Notice that all the lines except the last two begin with --, whereas the last two lines begin with .. The -- indicates that GAMtools realized that these tasks have already been completed and therefore do not need to be re-run. When we re-calculate a segregation table at a new resolution, we don’t need to remap all the individual fastq files, we only need to re-compute the read depth over all 30kb windows, and then decide which 30kb windows were positive in each NP.

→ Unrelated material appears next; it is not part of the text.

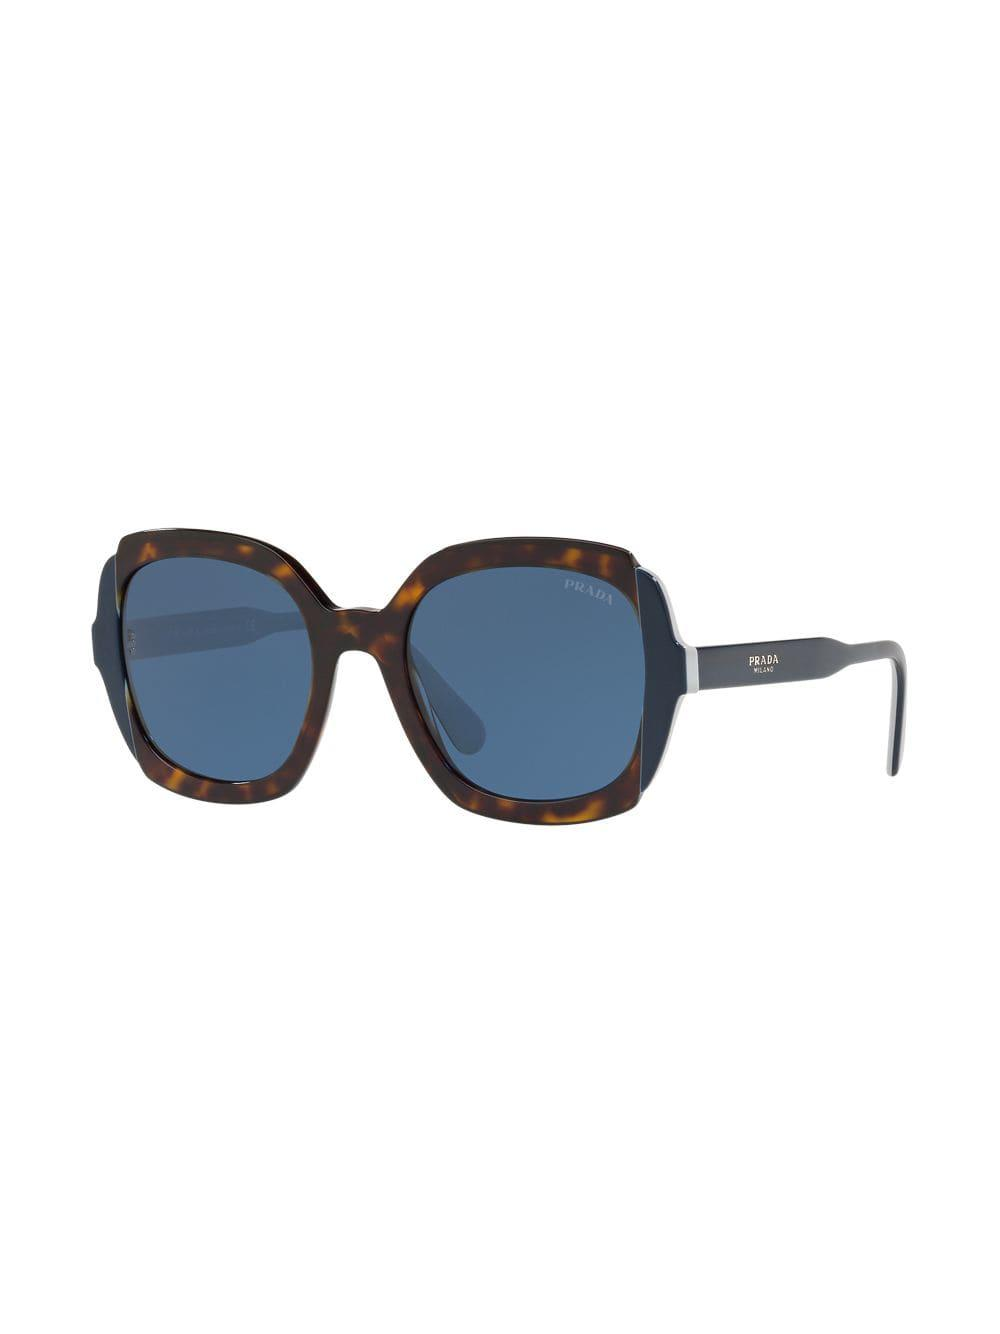 036b688f749c Prada - Brown Oversized Shaped Sunglasses - Lyst. View fullscreen
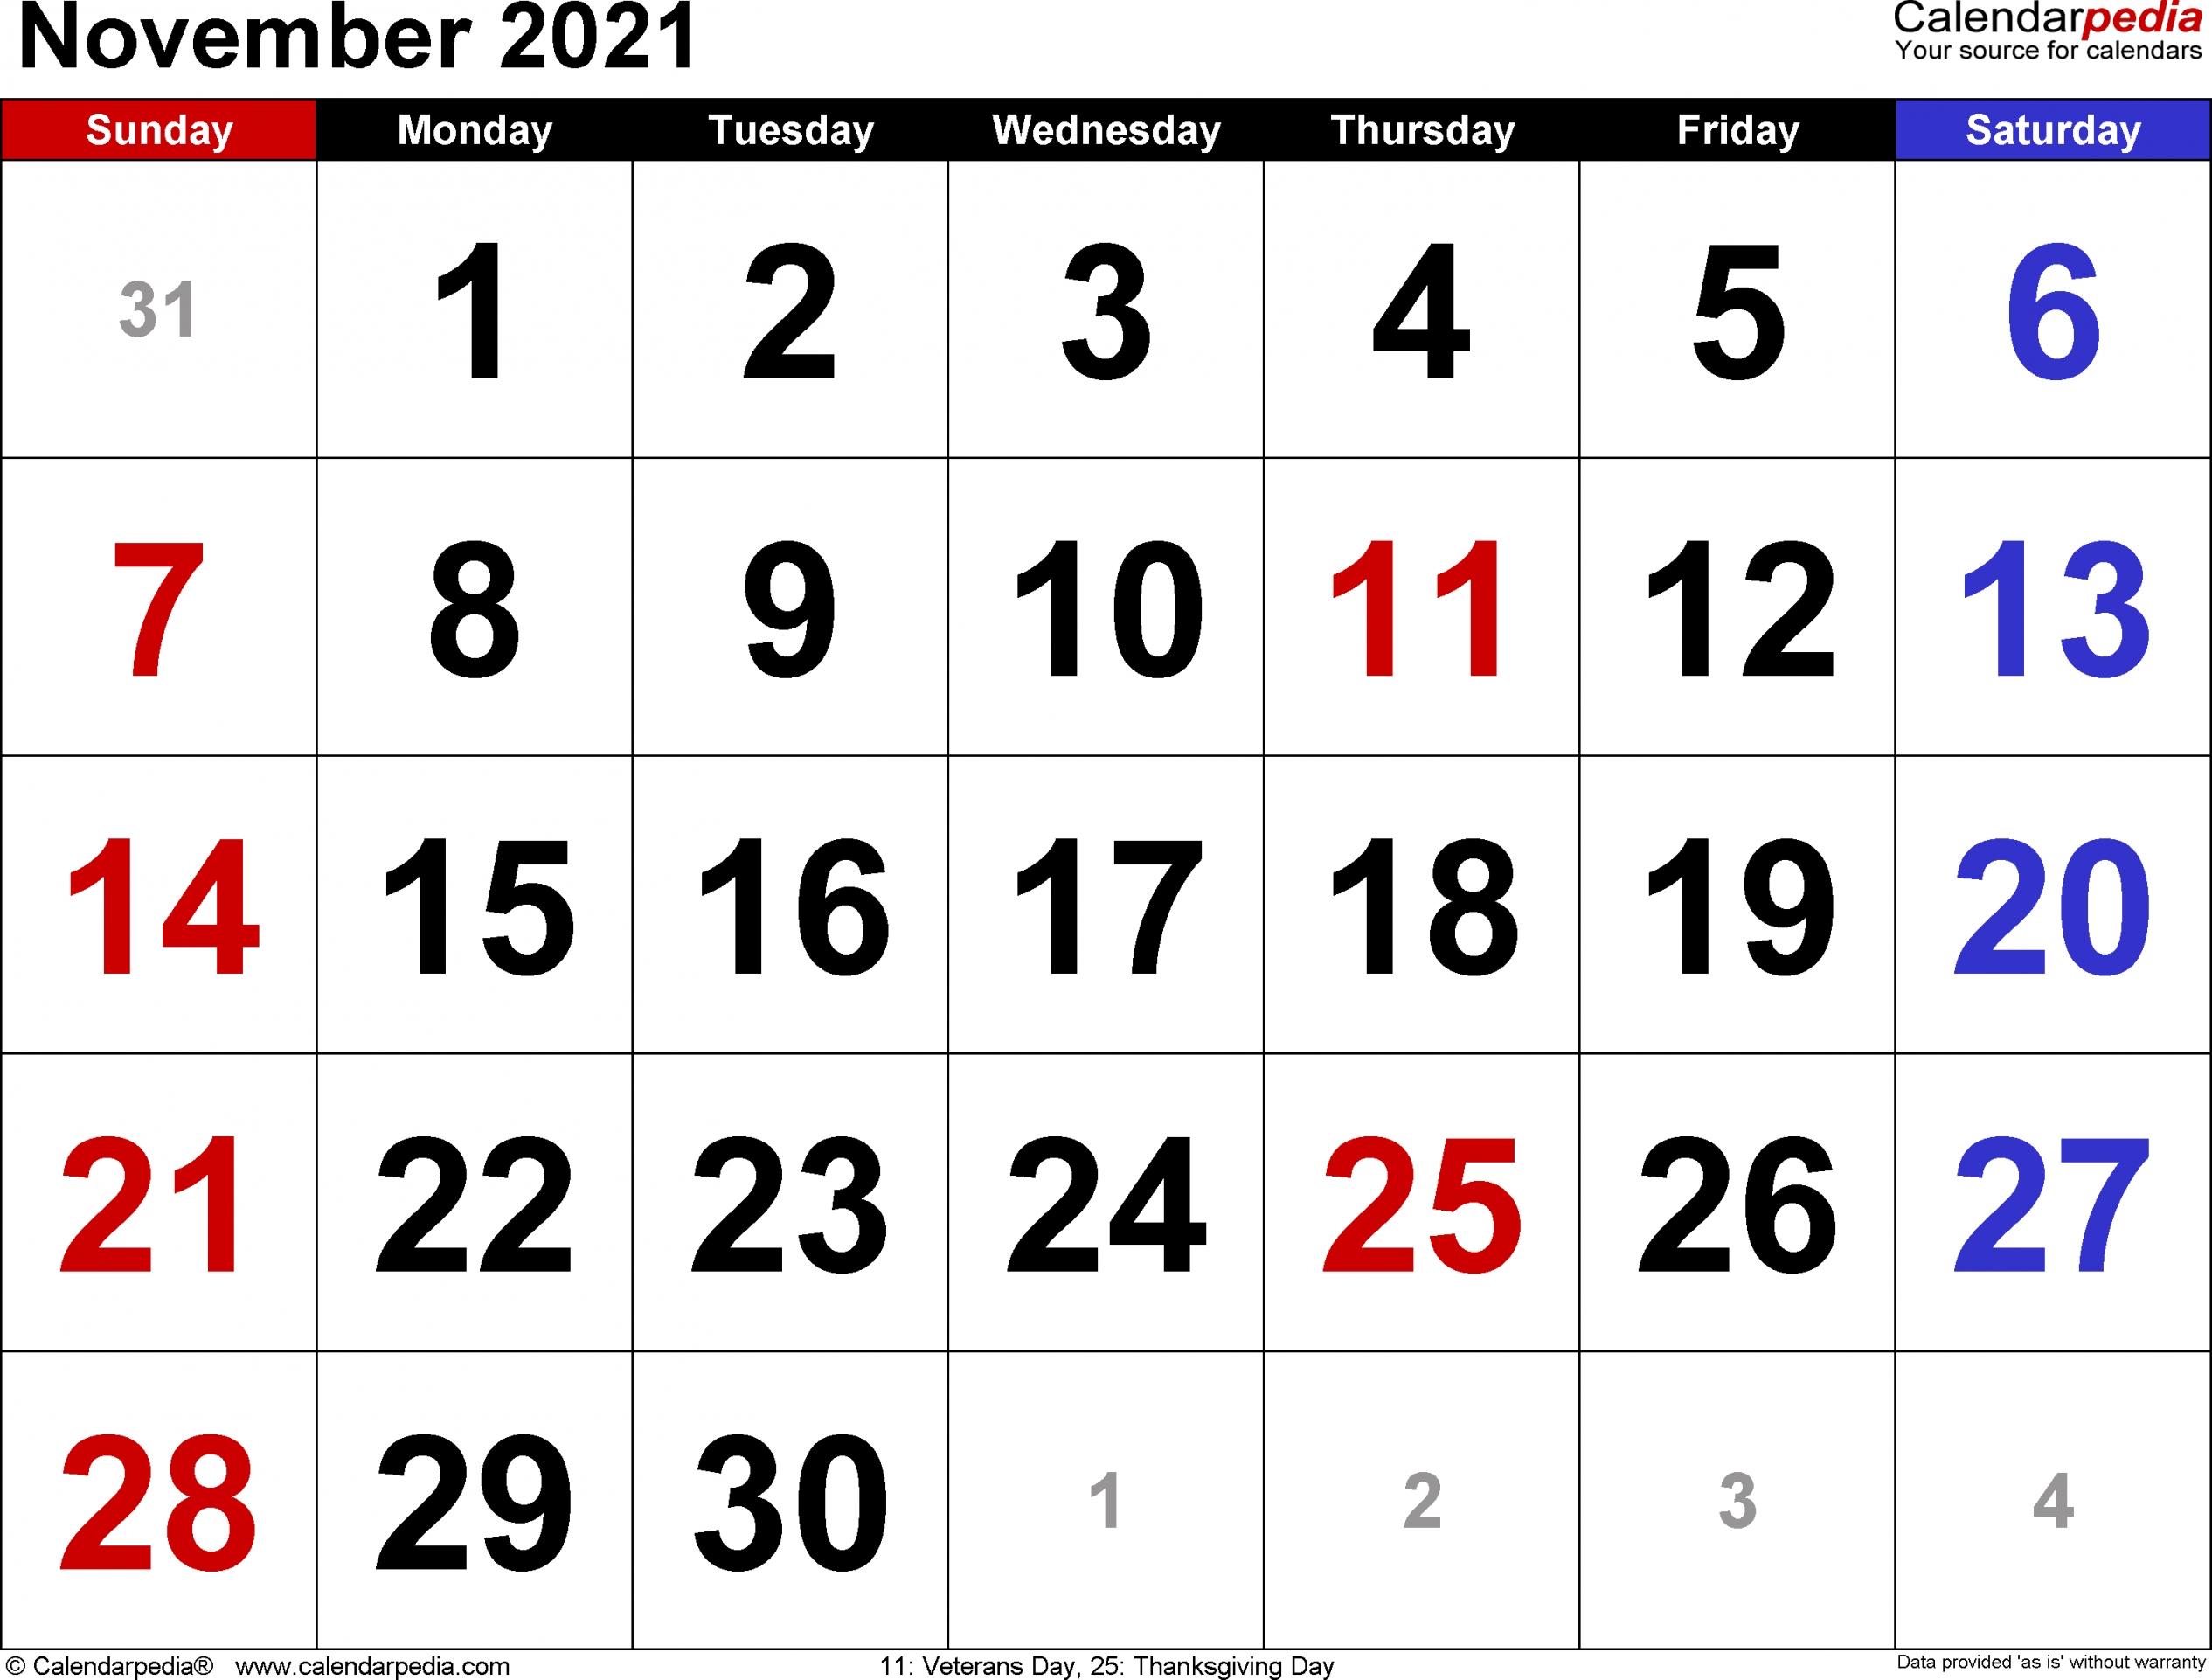 2021 November Calendar Printable | Free Letter Templates

To create proximity matrices at the new resolution, we need to specify the new segregation table: segregation_at_30kb.table.

$ gamtools matrix -s segregation_at_30kb.table \
> -r chr19:10,000,000-15,000,000 -o 30kb_matrix.png
starting calculation for chr19:10,000,000-15,000,000
region size is: 167 x 167 Calculation took 0.047s
Saving matrix to file 30kb_matrix.png
Done!
$ open 30kb_matrix.png
_images/chr19_30kb_matrix.png

Performing quality control checks

If you are generating your own GAM datasets, you will want to perform some checks to ensure your NPs are of sufficient quality. GAMtools will generate a table of QC parameters automatically for each NP if you use the process_nps command with the -c/--do-qc flag.

Note

Performing quality control requires a number of additional dependencies to be installed. Please ensure that gamtools test runs with no errors before continuing with this section.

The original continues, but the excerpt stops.